Ward, eds. (St. Louis: Chalice Press, 2001), pp. 125-126.)
Perhaps
the best way to answer God’s call is not by trying to figure what everything or
everyone else, but perhaps the best way is ask yourself how God wants you to ‘be a Christian’ and to be 'with you' right now. I doubt that any of us will dare ask and
answer any kind of call until we also realize that God’s promises to be ‘with’ us: “I am with you….to deliver you”? God told Jeremiah. It is not going to be easy. But I am with you. Are you with me?
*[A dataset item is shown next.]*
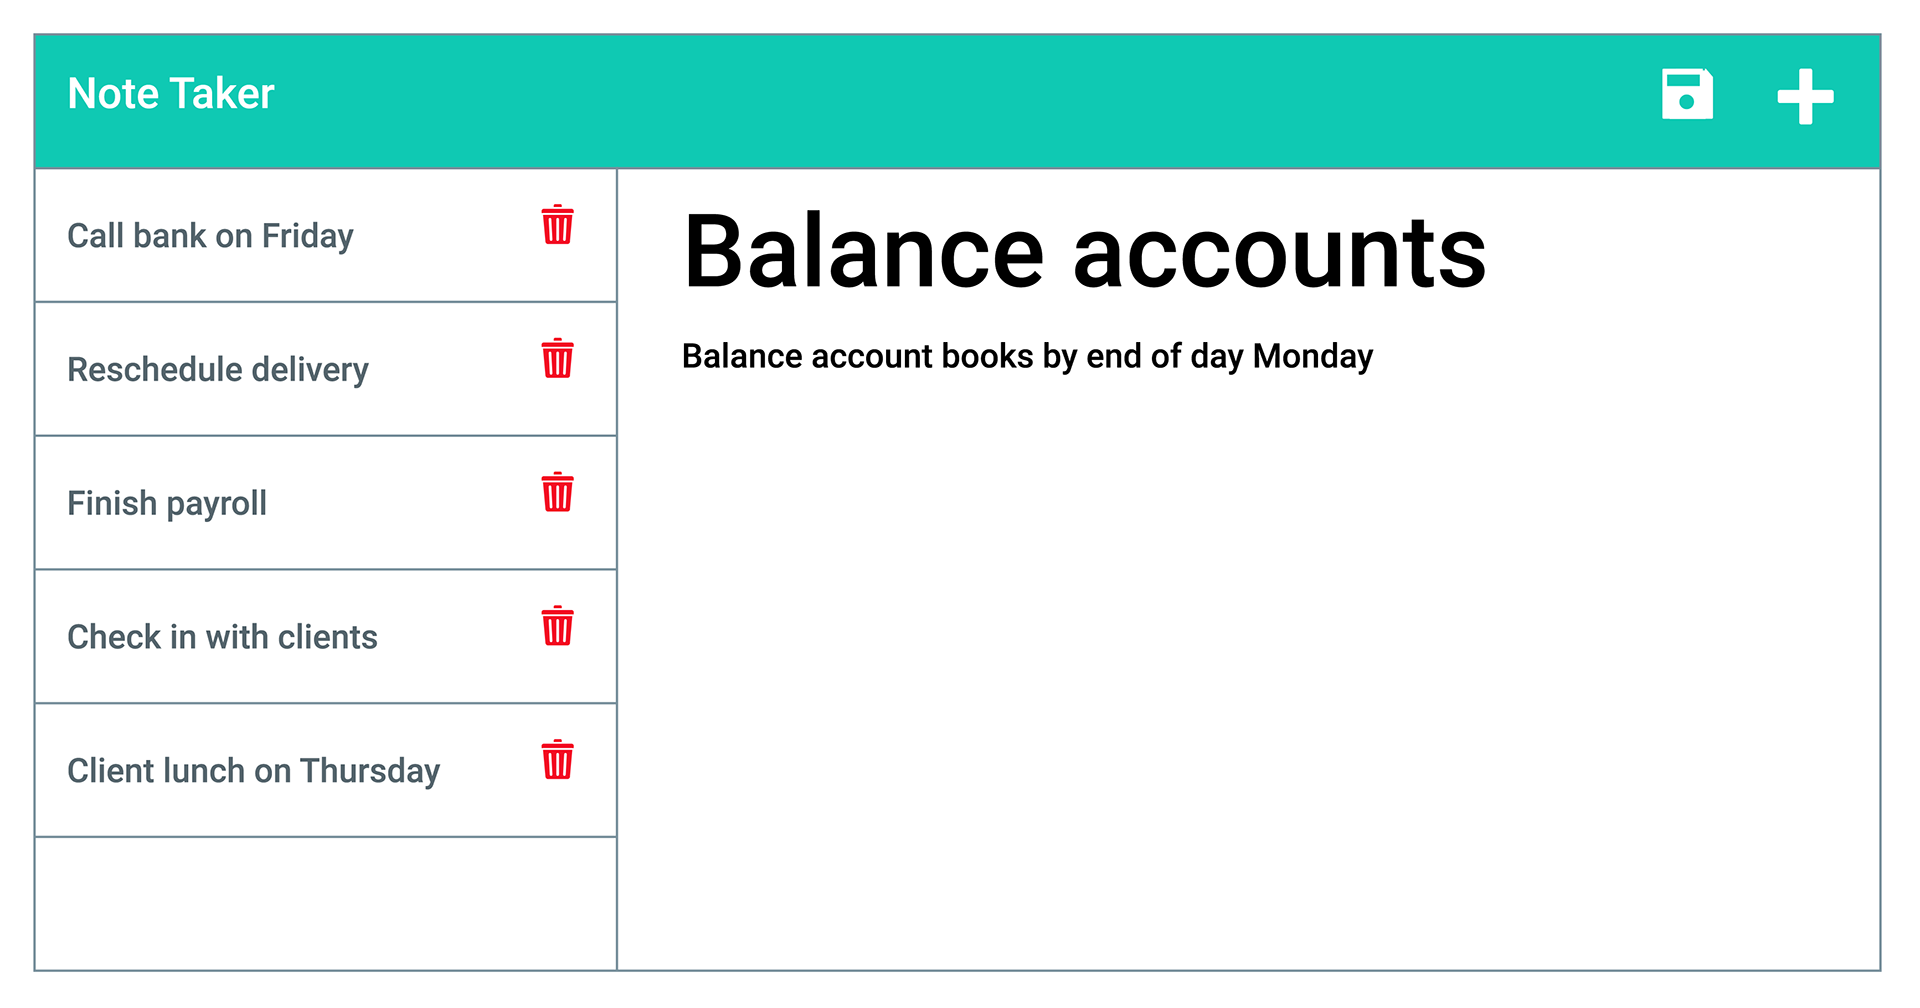 Note titled “Balance accounts” reads, “Balance account books by end of day Monday,” with other notes listed on the left.

How do you answer?
PRAYER: “Lord help us to answer your call in our lives. Even when it is not easy, help us to know that you are with us and you will work through us, to do your will and to bring us promises of hope that are filled with love and grace. Amen.”
PRAYER: “Lord help us to answer your call in our lives. Even when it is not easy, help us to know that you are with us and you will work through us, to do your will and to bring us promises of hope that are filled with love and grace. Amen.”